Мать Яшки видели редко. Она, в основном, сидела дома. Говорили, что харкает кровью – болеет чахоткой. Я иногда видел ее во дворе их дома. Чаще всего с большим алюминиевым тазом, который она с видимым усилием ставила на деревянную скамейку и стирала белье, развешивая его на протянутых вдоль кособокого сарая веревках.
Когда пришли фрицы, то семью Яшки арестовали. Штаб немцев располагался в кирпичном здании сельсовета, возле которого на площадь сгоняли сельчан. Начальником у фрицев был жирный, словно не война шла, краснорожий блондин с протезом вместо левой ноги ниже колена. Но его не боялись. Страшил зам – высокий, наголо бритый фриц со шрамом через все лицо. Вот его боялись по-настоящему. Он всегда и выступал перед собравшимися.
Тогда я тоже стоял на площади – обязали прийти всех, – испуганно уцепившись за костлявую ногу мамы, хотя давно считал себя бесстрашным и взрослым. Переводил фрица бородатый мужик в грязном тулупе. Накрапывал мелкий дождь, и без того размокшая площадь окончательно превращалась в жижу.
Яшка и его родители, голые, лежали в ней. А рядом старательно, точно школьник, выводил слова бритый фриц. И, казалось, чем больше он говорил, тем сильнее темнел его шрам. Из перевода я почти ничего не понял. Уловил лишь то, что семья Яшки – выродки и евреи. Одно следовало из другого, но я не помню, что из чего: то ли евреи, потому что выродки, то ли выродки, потому что евреи.
Затем семью Яшки подняли. Я вздрогнул. Мама закрыла мне ладонью глаза, но я уже и сам зажмурился, кода увидел тела, перепачканные кровью и грязью. Похожие скорее на разделанные туши коров, которые я помогал грузить отцу на бойне, чем на людей. Рты были закрыты обрубками, примотанными колючей проволокой, шипы впивались в грязную кожу, раздирая ее в кровь.
Я жался к ноге матери и сдерживался, чтобы не описаться. Несмотря на зажмуренные глаза я видел окровавленные тела перед собой, помнил, что в паху Абрама Савельича алеет уродливая рана. И нечто внутри меня призывало: «Открой глаза! Посмотри, посмотри!» Ужас отвратителен. И притягателен. Может, еще больше, чем красота.

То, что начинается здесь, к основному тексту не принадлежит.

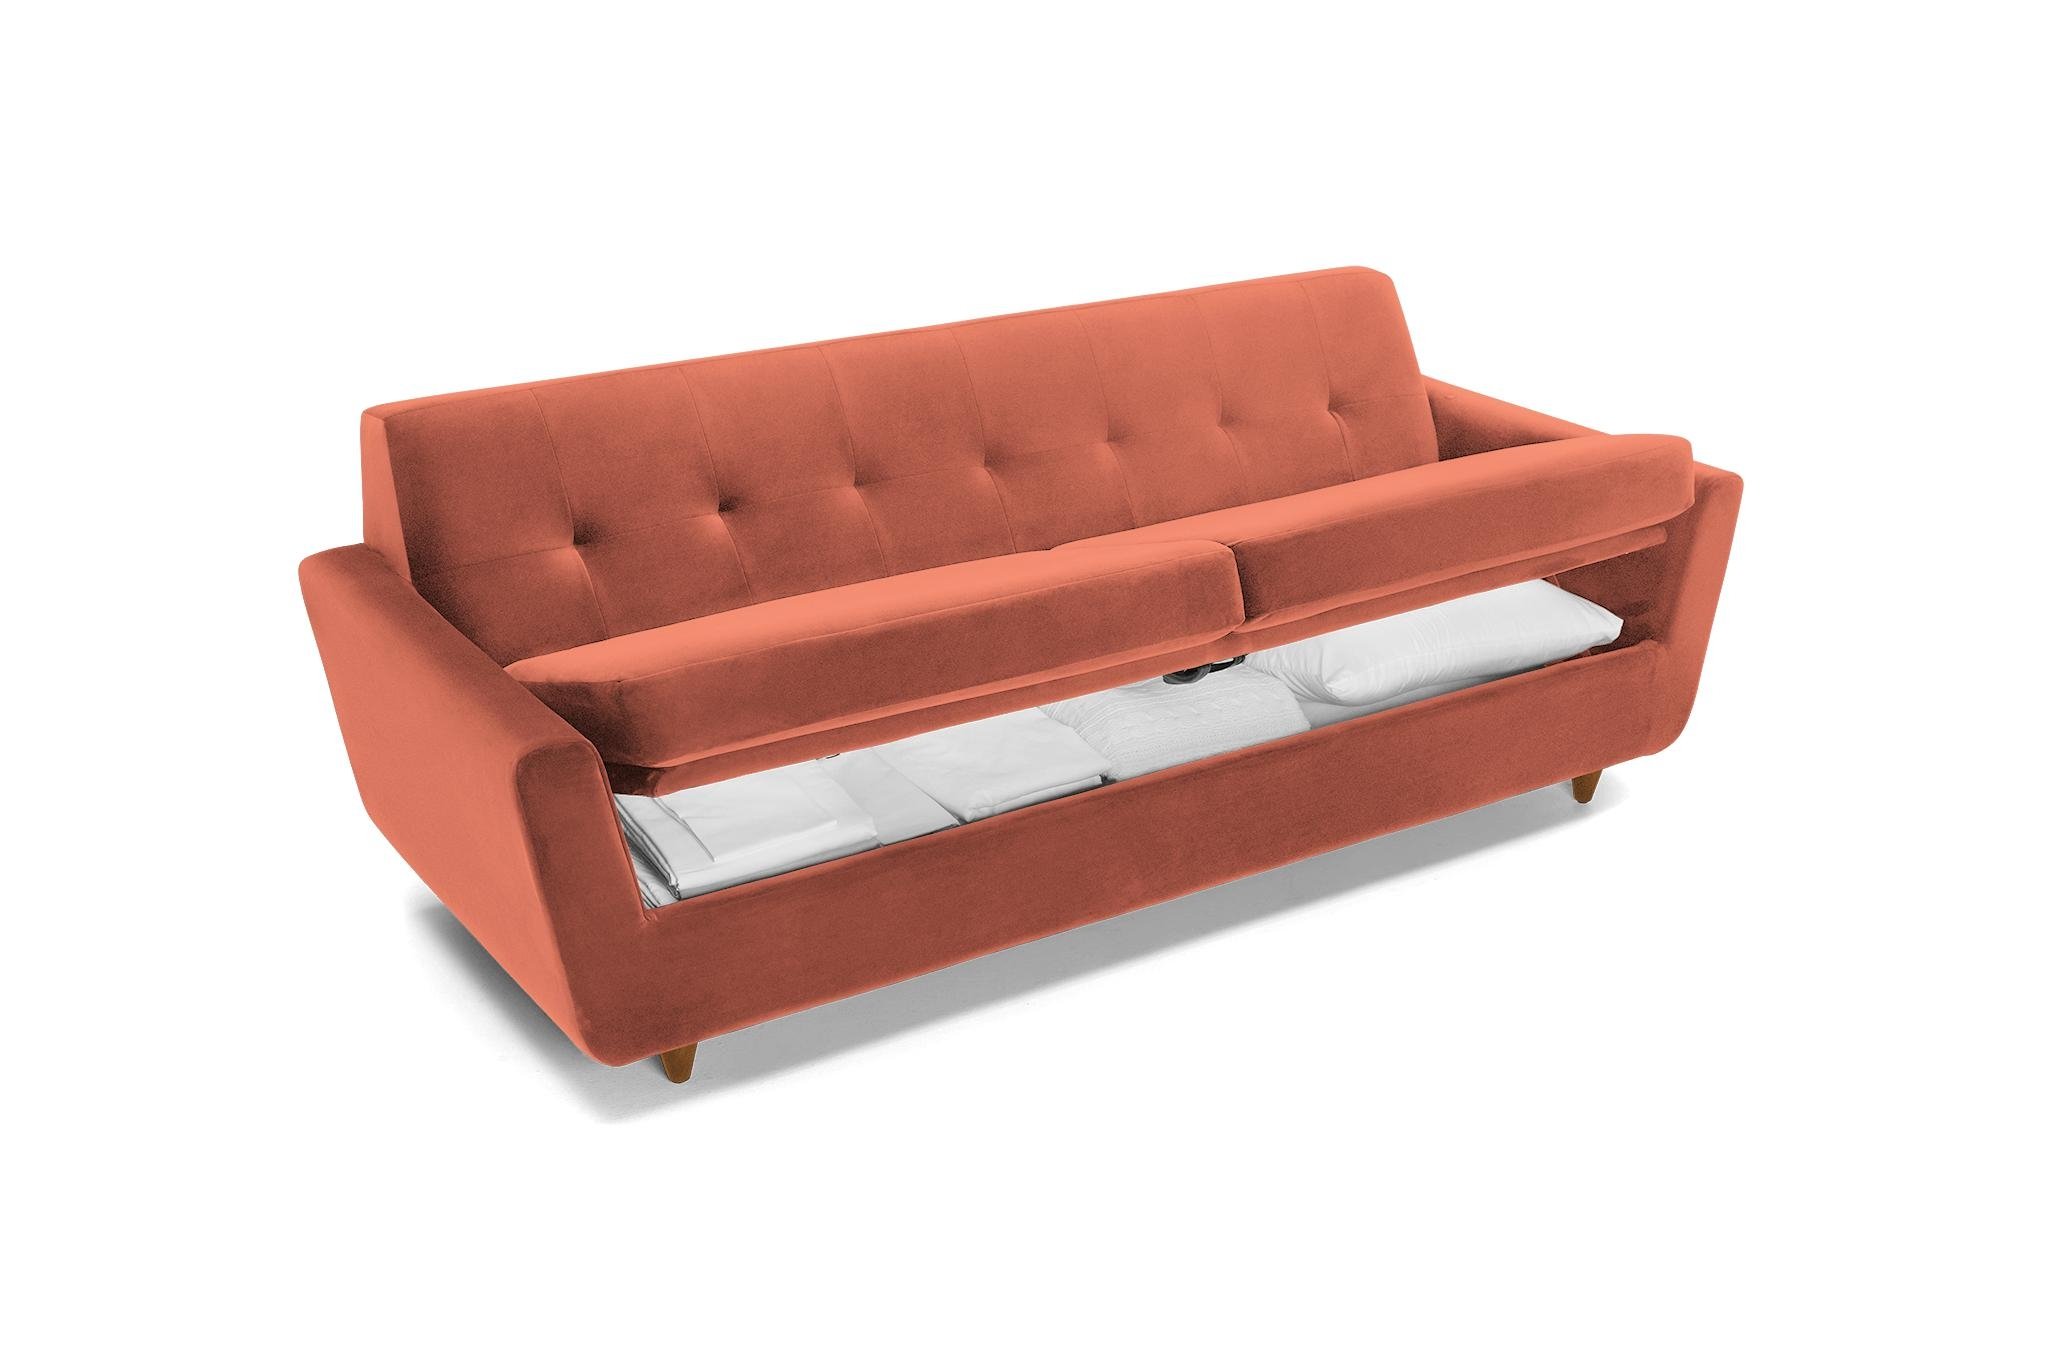 Orange Hughes Mid Century Modern Sofa with Storage - Key Largo Coral - Mocha - Image 3

Злясь на себя, я все-таки приоткрывал глаза и сквозь мамины пальцы косился на площадь. Накинув на шеи веревки, тела волокли по грязной жиже. Левое ухо Яшки висело на кровавых волокнах, похожих на дождевых червей. Когда тела изваляли в грязи, принялись бить ногами. Больше всех старался бритый фриц. Ему заметно нравилось. Тела изгибались в позвоночнике.
А потом – бородатый переводчик повторил это несколько раз своим низким гортанным голосом, после чего украдкой перекрестился – каждый должен был плюнуть в лежащих. Тех, кто откажется, крикнул переводчик, повесят вместе с жидами.
Никто не отказался. Плюнула в жидов и мать. Плюнула в сторону, стараясь не попасть в Абрама Савельича, Сару и Яшку. Я же закрыл глаза, сжимая веки так, что в голове зажгло, зашумело. Мысль помочь, спасти была насколько закономерной, настолько и слабой, несмелой. Будто она сама себя опасалась, прячась в угол сознания. Первый раз я боялся за свою жизнь. И первый раз понимал, что она есть такое.